I suppose that it comes from a property of Lie derivatives.
Thanks
 
on Phys.org
Just put the definition of ## D_\mu ## in ## [D_\mu,D_\nu] ## and calculate!
You can apply the above operator on a scalar field, i.e. calculate ## [D_\mu,D_\nu]\phi ## to avoid confusion.
 
Why does ##A_j \partial_k## disappear?
 
naima said:
Why does ##A_j \partial_k## disappear?

What you have is a commutator of operators, in order to compute the commutator - which is another operator - you need to consider the action of the commutator.

I suggest you start with the following example with two operators acting on functions on the real line:

Operator ##A## is such that ##Af(x) = A(x)f(x)##, where ##A(x)## is a function.
Operator ##B## is the derivative operator such that ##Bf(x) = f'(x)##.
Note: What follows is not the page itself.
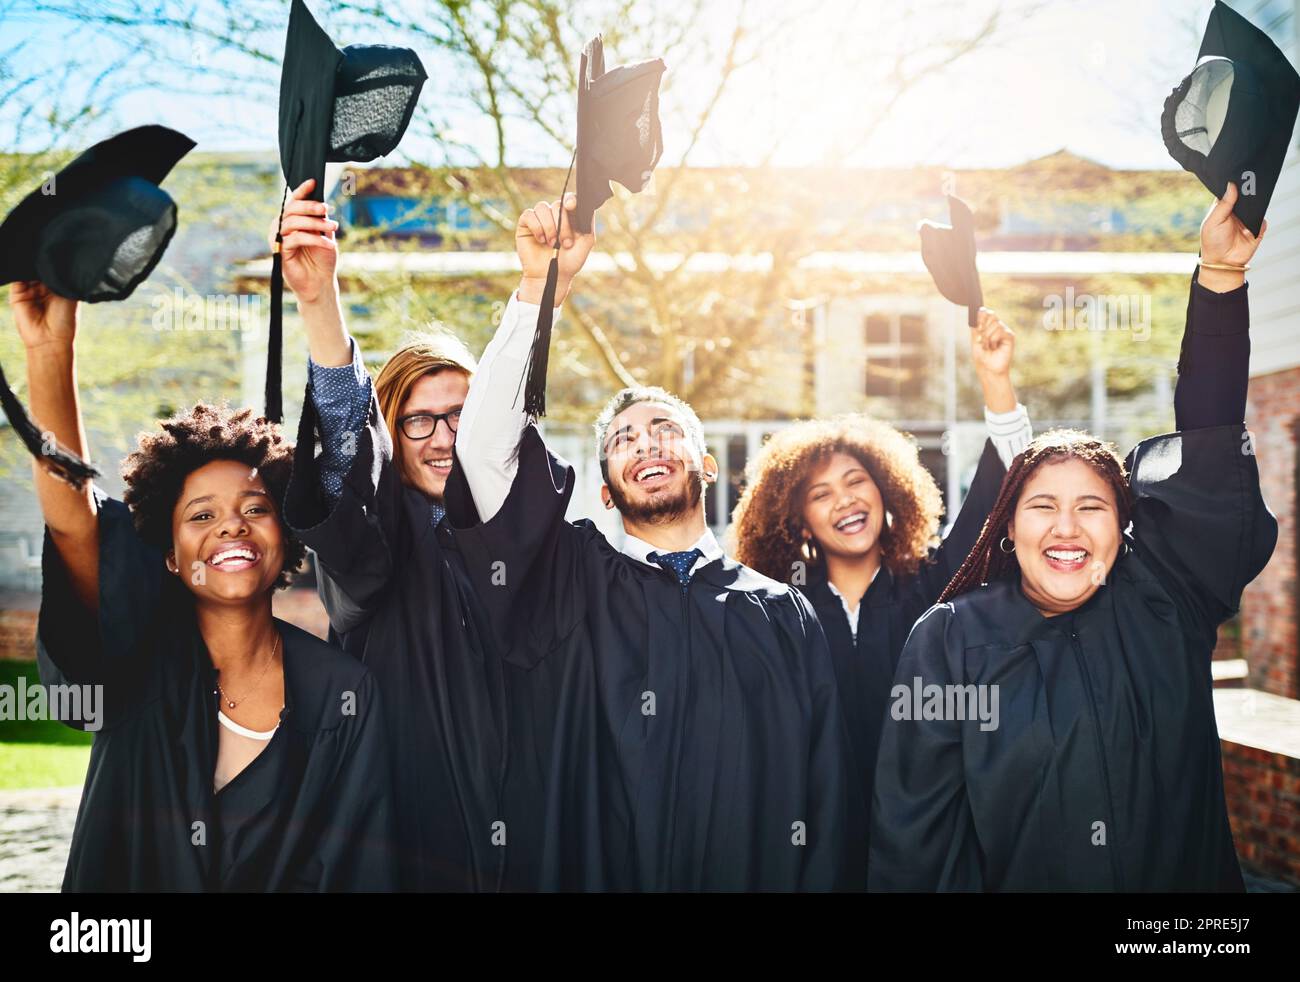 Waren bereit, die Zukunft zu übernehmen. Eine Gruppe von Studenten warf ihre Mützen in die Luft nach dem Studium. Stockfoto

The commutator ##[A,B]## is the operator such that ##[A,B]f(x) = (AB - BA)f(x)## for all ##f##. What is this operator?
 
Thank you

This shows that when you have product of operators D and B acting on a vector V, the notation DBV may be considered as a compositiion law
D(BV) or else (DB) V if you can give sense to (DB)
IF D and B are patrices the internal law of multiplication gives
(DB)V = D(BV)
here (DB) = D(B .)
If D is a derivative we have D(BV) = (DB)V + B (DV)
This gives a sense to (DB)
here (DB) = DB - BD

So the equality in the paper comes from an implicit choice for the product of operators.
Unless it is based on a more intrinsic way to mix covariant derivatives.
 
It does not matter whether D and B are matrices or linear operators on a general function space (including derivatives). The commutator [D,B] is defined as the linear operator such that [D,B]f = D(Bf) - B(Df) for all f in the vector space that the operators act on.

If D is a derivative and B is multiplication by a function b, you have D(Bf) = D(bf) = f (Db) + b(Df) = f(Db) + B(Df) and therefore D(Bf) - B(Df) = [D,B]f = f (Db), i.e., the commutator [D,B] is multiplication by the function Db. Note that I have used capital and lower case Bs to distinguish DB (operator product) from Db (a function).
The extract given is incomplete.